At least, theoretically. The key is getting a protein in the best interest labeled for dumping. That’s the job of a special enzyme called a ubiquitin ligase; anything it slaps a chemical tag on gets carried off to a proteasome and, poof , no more protein. Getting it to tag a specific protein is simply a matter of designing a molecule that can tether the ligase and the protein together. The idea’s been around since the late ’9 0s, but until recently, most shows had taken place only in academic laboratories. That’s because most pharmaceutical companies presupposed these proteasome-recruiting molecules, which are quite large and ungainly by drug criteria, would never be able to slip across the membranes of intestinal cells and get into the bloodstream. In other words, the biology operated, but the chemistry was no good.

But a small Connecticut-based biotech company called Arvinas is changing that premise. Founded in 2013 by Yale biochemist Craig Crews, one of the scientists who pioneered the now-patented protein disappearing act, Arvinas invested its first few years chemically tweaking its molecules to attain them work inside the human body. In March, it began recruiting patients for the first-ever clinical trial of protein degraders. The company will test out appropriate methods on prostate cancer patients first, with another experiment starting later this year for breast cancer. “The concept is incredibly compelling, but the big question has always been, can you get these large molecules to behave well? ” says Tim Shannon, development partners at Canaan Spouse and an early investor in Arvinas who provided as its CEO until 2015. “That’s what we’re about to find out. Because if you can create one of these successfully, then you can do more.”
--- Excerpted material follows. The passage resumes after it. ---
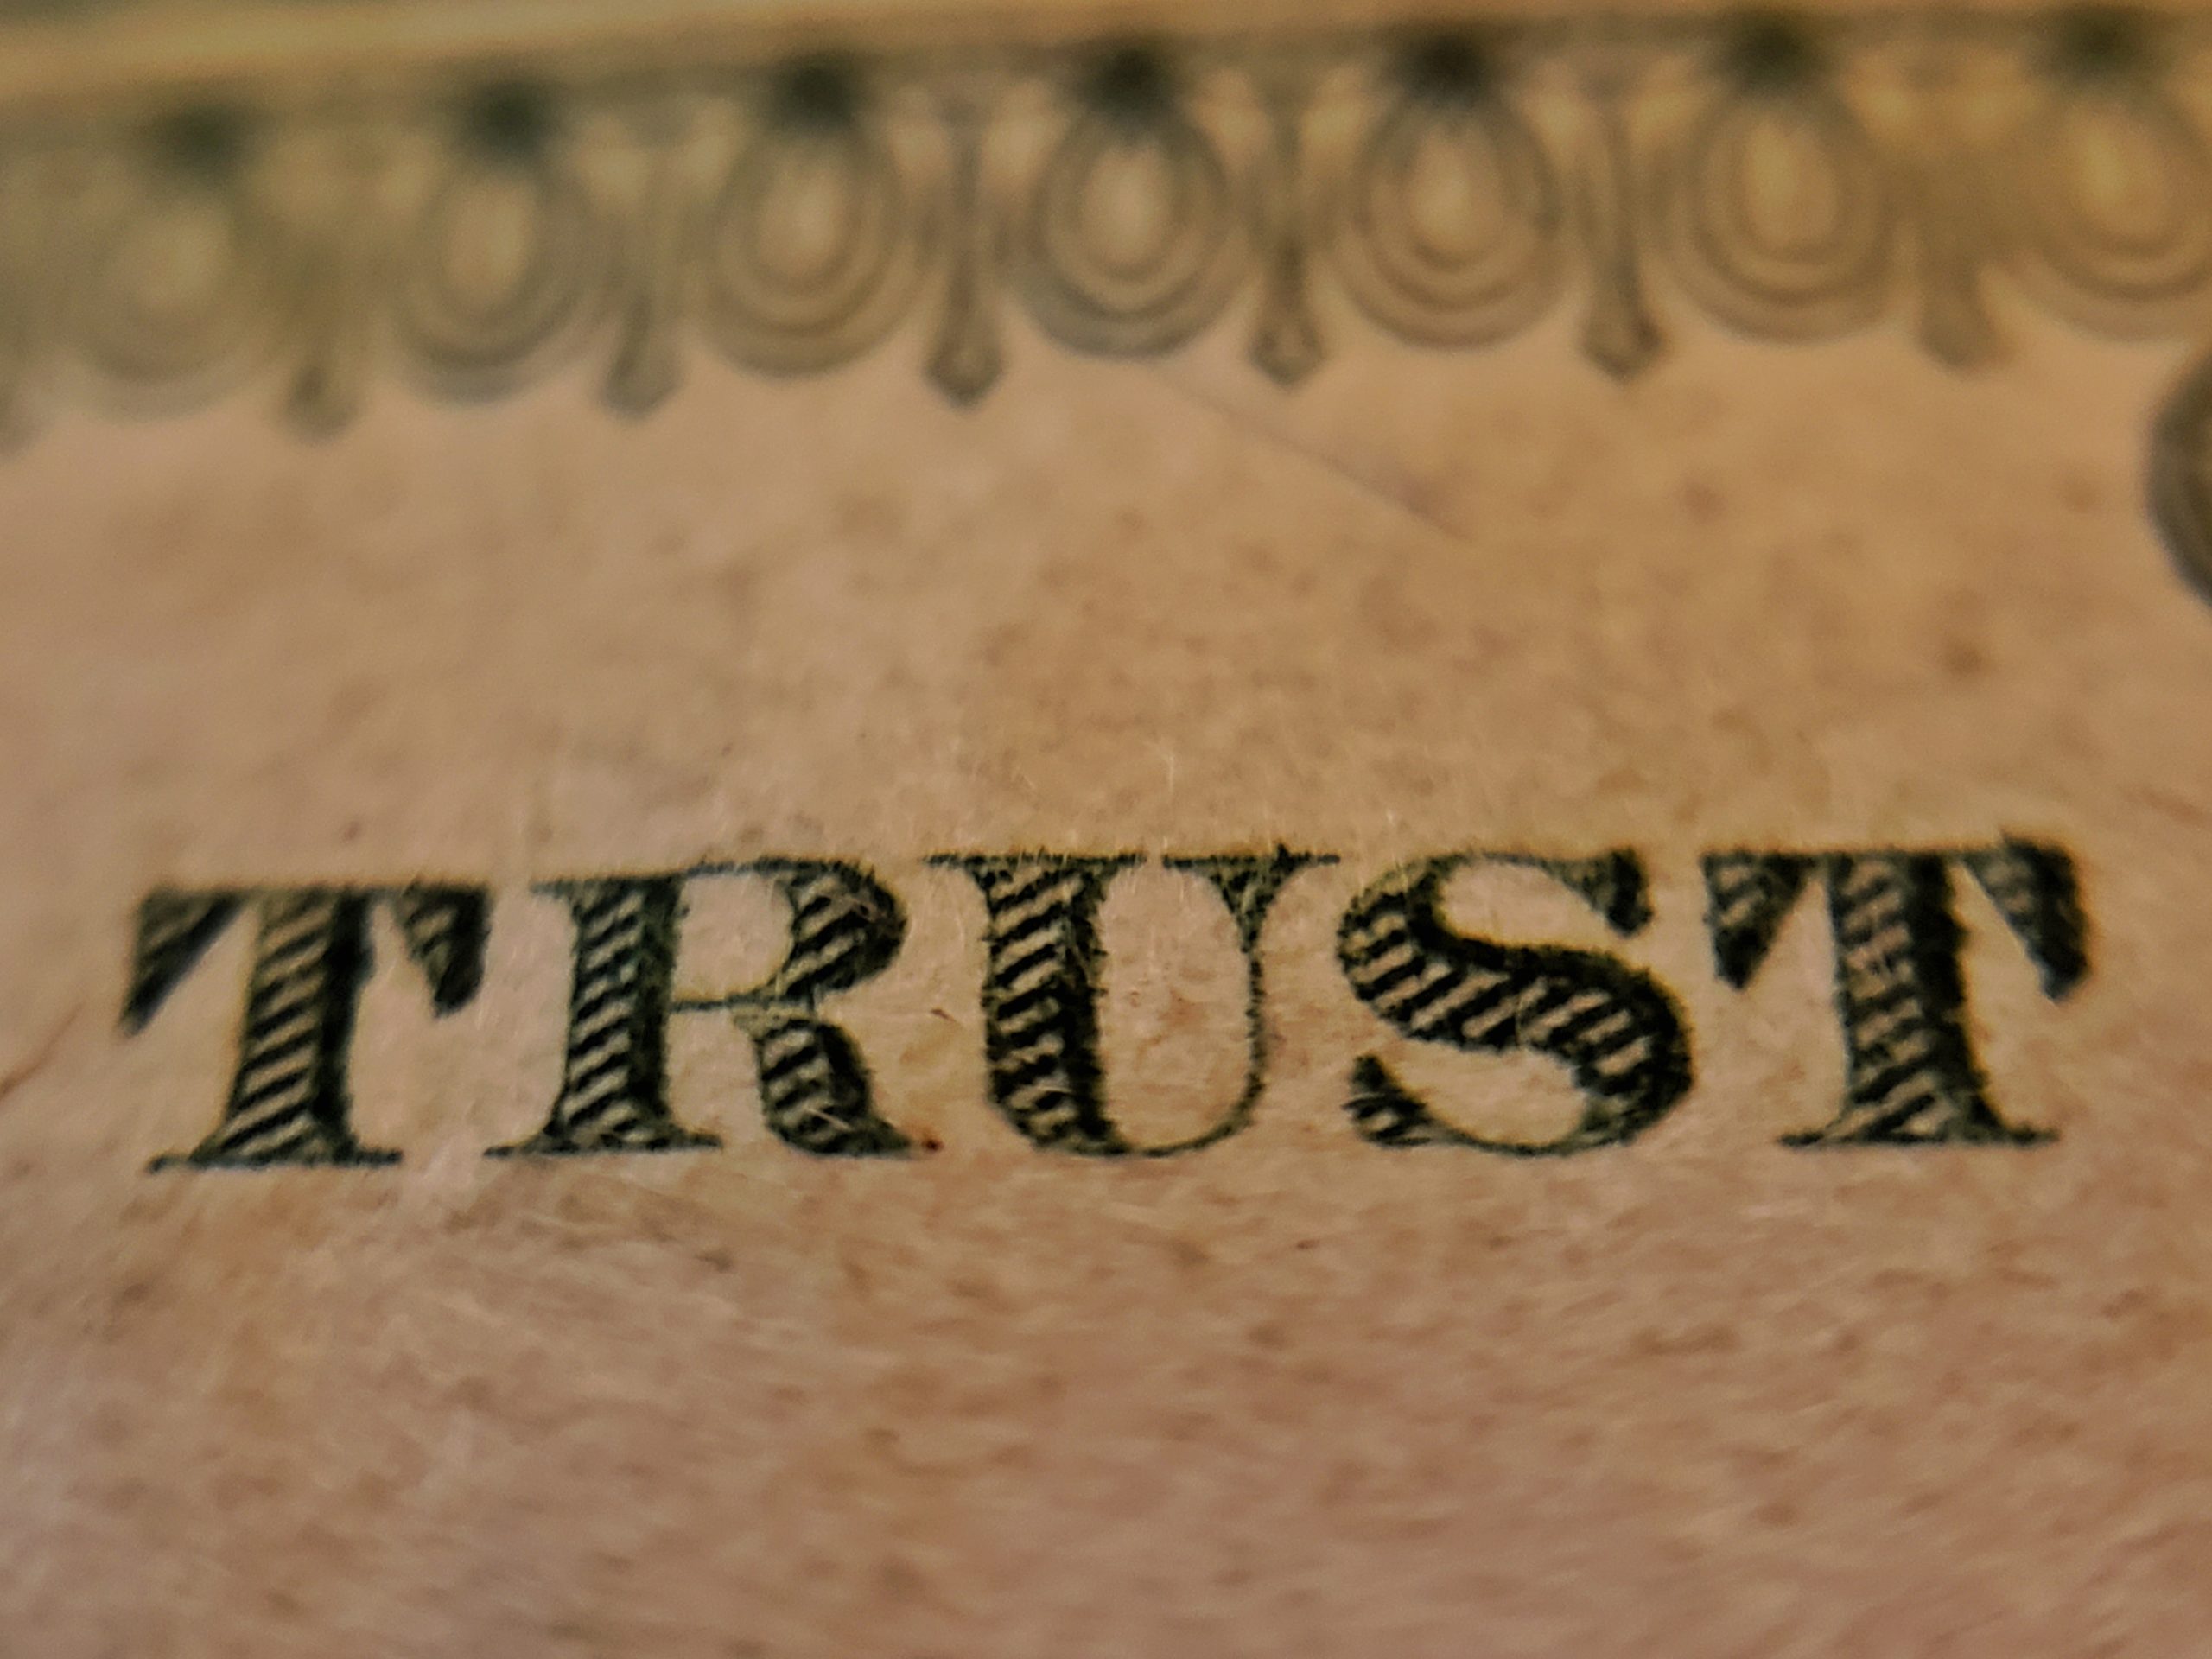 Generating More Trust Through Content Marketing

The idea behind the company’s first candidate is that it degrades the androgen receptor, which grabs onto testosterone, a hormone that has been shown to fuel prostate cancer. Hormone therapies given to treat prostate cancer or is an impediment from coming back after surgery or chemo block those receptors, cutting off the render of testosterone to cancer cells and diminishing tumors. But after a while, these cells adapt, sometimes mutating their receptors or adding more to their surfaces so they can suck up every bit of testosterone available, basically evolving resist to the therapies. Same thing for some types of breast cancer, but in that case estrogen is the hormone that adds ga to the fire. Arvinas hopes that by disappearing the receptors to these hormones down the molecular doomsday machine rather than only blocking them, it can help people who’ve become resistant to existing hormone therapies.
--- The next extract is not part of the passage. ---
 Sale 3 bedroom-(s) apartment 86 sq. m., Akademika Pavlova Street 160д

Protein-degrading isn’t a cure-all, though. While most of these molecules has been demonstrated good specificity–they’re not out tagging innocent bystander-proteins–there’s currently no way to tailor their trash-flagging in different parts of the body. Just like small-molecule medications, protein-degraders will impact not just receptors in, say, tumors, but anywhere cells are displaying them, including in healthy tissues. For proteins that medicines have never been able to target before, the potential side effects are completely unknown. At least where androgen and estrogen receptors are concerned, researchers know what to expect.

And that’s more or less the main goal of these first human tests–to really just see if protein degraders work as expected in a well-understood system. Arvinas expects to have that data in hand by early next year. If successful, more experimental experiments include the following, though so far no one’s saying much about which illness they plan to treat. Last month, another startup called Kymera Therapeutics signed a $70 million, four-year agreement with Vertex Pharmaceuticals to accelerate the push to get its still-secret protein degraders into the clinic. Novartis is reported to have its own hush-hush nominee on track for a test later this year. And C4 Therapeutics, a small Boston biotech, signed a $415 million deal with Biogen in January to develop therapies for neurological diseases, but it has yet to disclose specifics. Arvinas has its own licensing agreement with Genentech, merit $650 million, to collaborate on additional treatments. They’re lining up to tame a host of alien proteins, to boldly go where no medication has gone before.